Table of Contents
Mean Square Error#
$$ MSE = \frac{1}{n} \sum_{i=1}^{n} (y_i - \hat{y}_i)^2 $$Geometric Interpretation#
MSE is fundamentally a distance measurement in high-dimensional vector space.
Vector Space Perspective#
The number of classifications builds the dimensions (Vector) of our space.
- Prediction vector: \(\hat{y} = (\hat{y}_1, \hat{y}_2, ..., \hat{y}_n)\)

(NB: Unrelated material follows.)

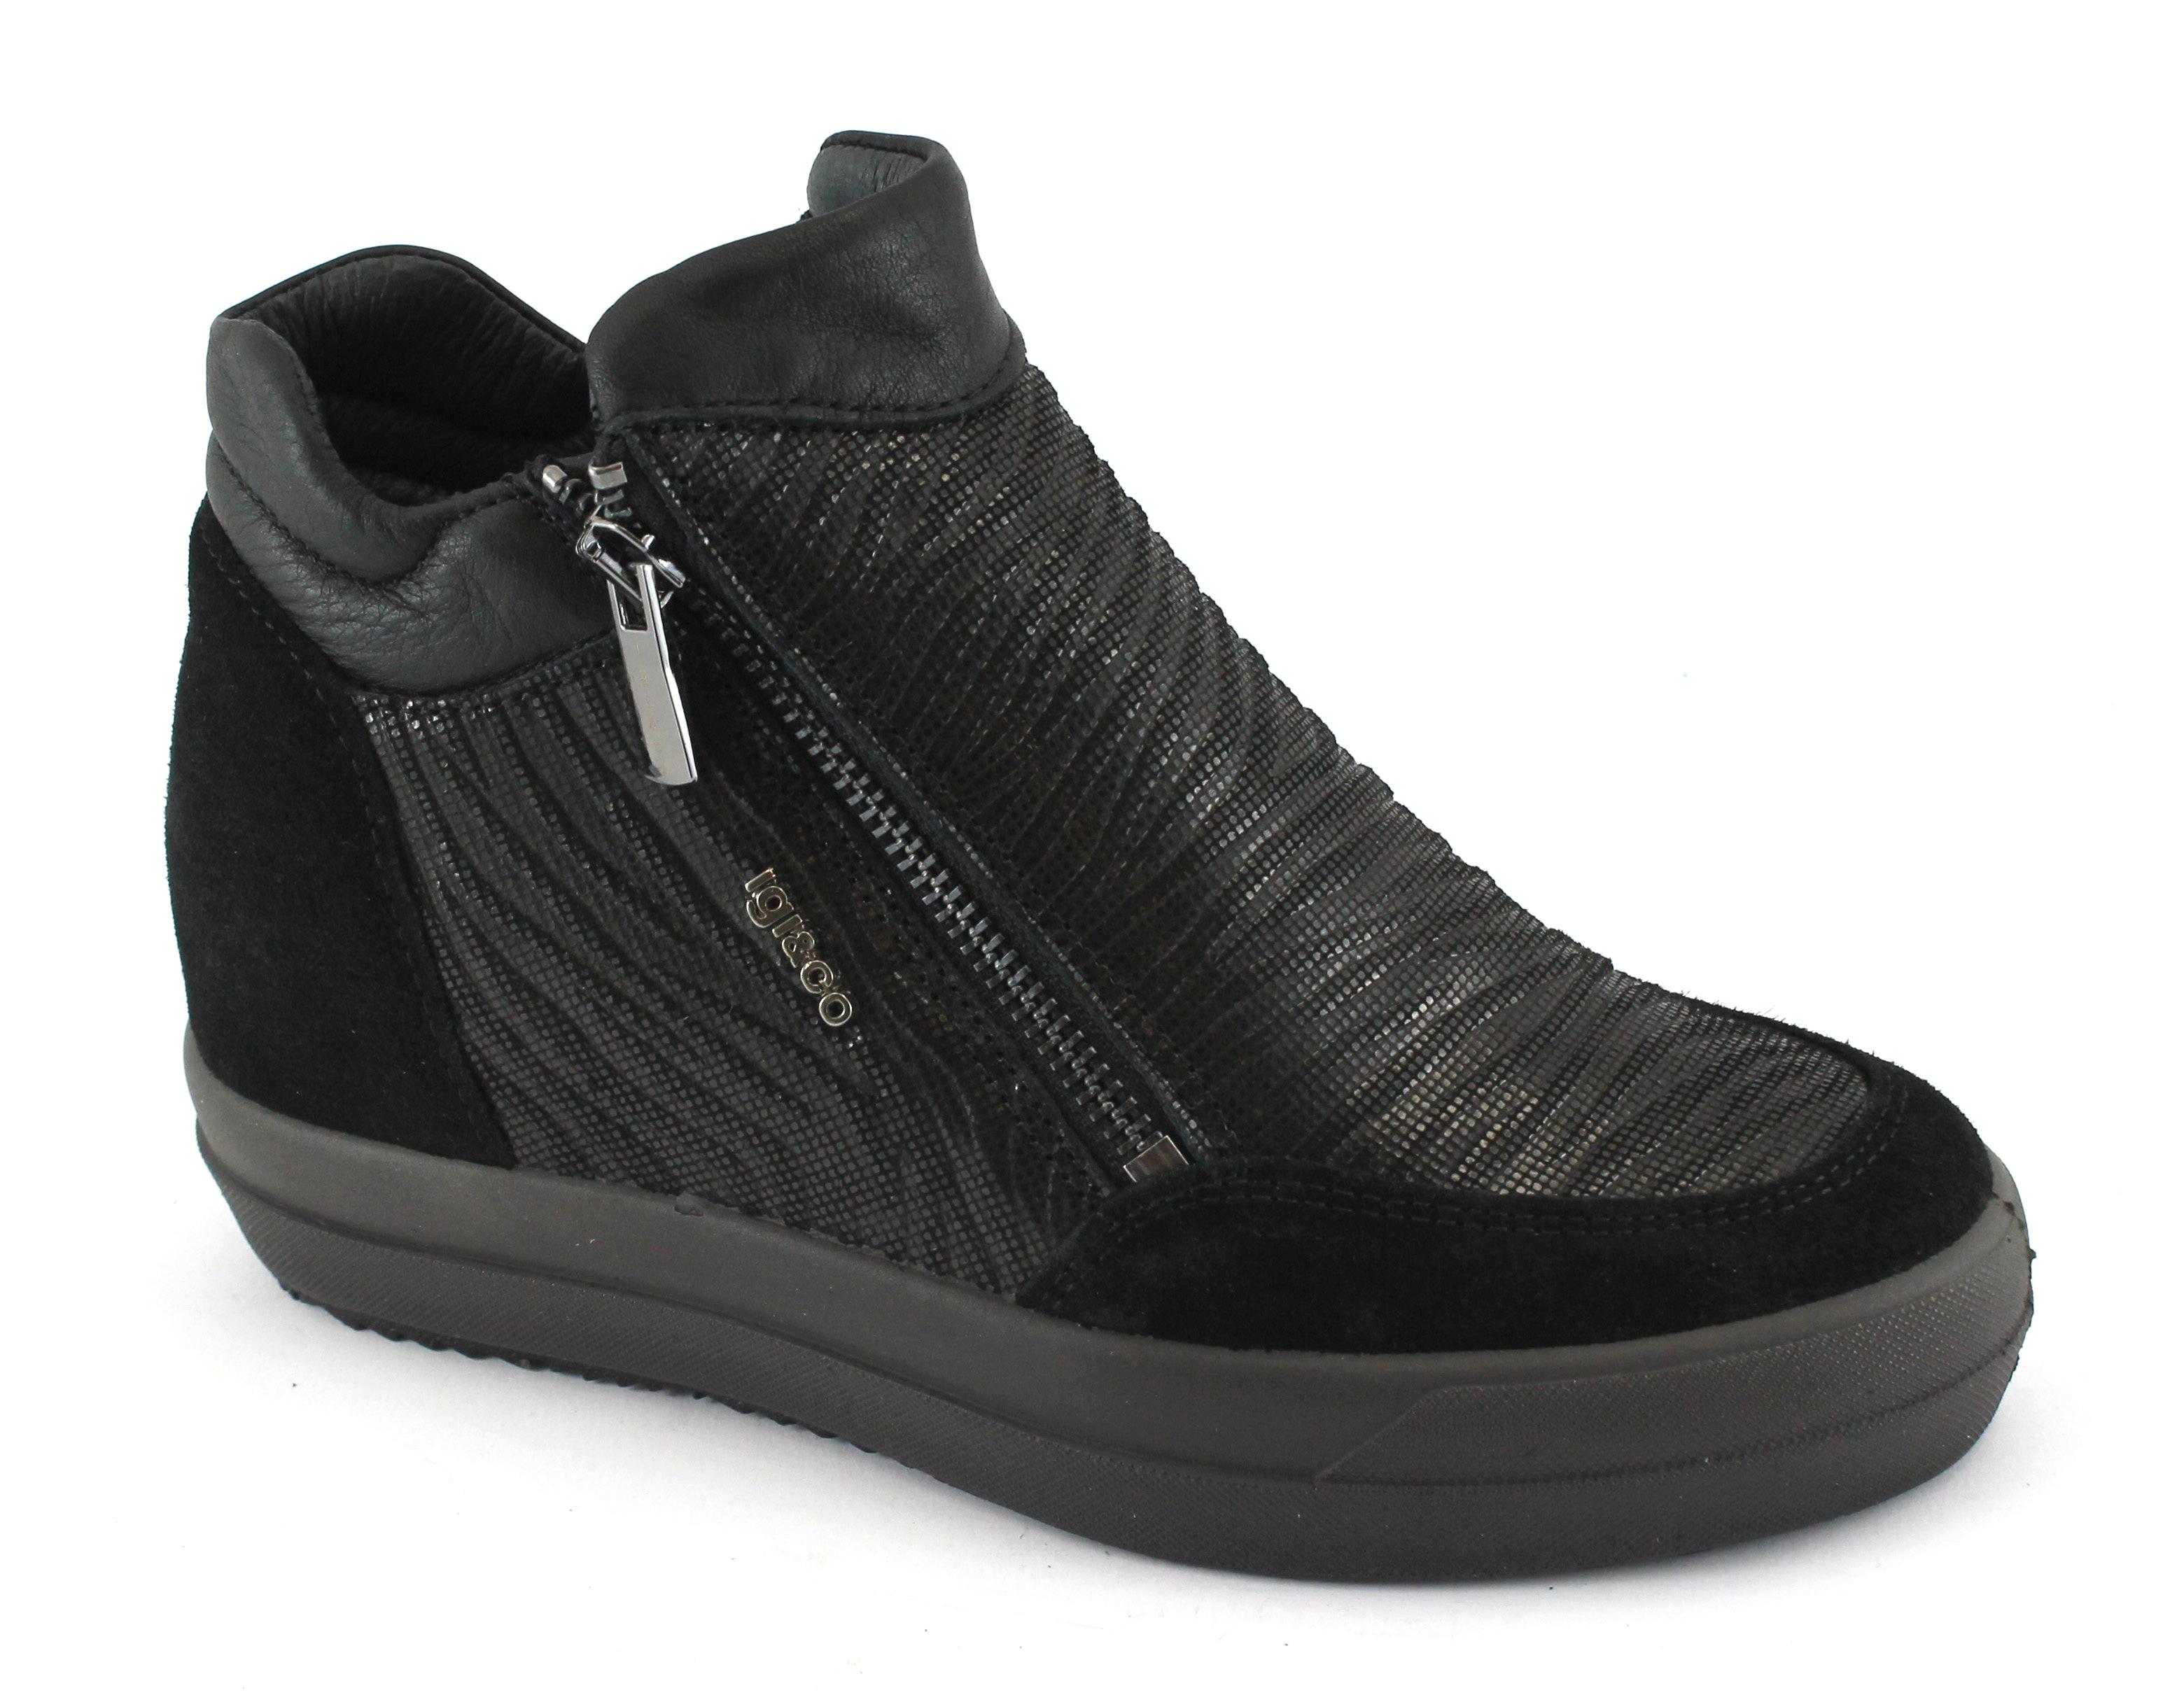 IGI&CO 87751 nero da scarpe donna  scarpe da nero ginnastica zeppa interna doppia zip 8d2d3d

- Label vector: \(y = (y_1, y_2, ..., y_n)\)
Euclidean Distance#
MSE calculates the squared Euclidean distance between prediction and label vectors:
$$ d^2 = \sum_{i=1}^{n} (y_i - \hat{y}_i)^2 $$This is an extension of the Pythagorean theorem to n-dimensions:
2D case:
$$ d = \sqrt{(x_2-x_1)^2 + (y_2-y_1)^2} $$n-D case:
$$ d = \sqrt{\sum_{i=1}^{n} (y_i - \hat{y}_i)^2} $$Why Squared?#
| Reason | Explanation |
|---|---|
| Differentiable | Smooth gradient for optimization |
| Penalizes large errors | Outliers have greater impact |
| Always positive | No sign issues |
| Geometric meaning | Euclidean distance in vector space |
Summary#
MSE is not just a statistical metric—it represents the geometric distance between predictions and ground truth in high-dimensional space, connecting deep learning to classical Euclidean geometry.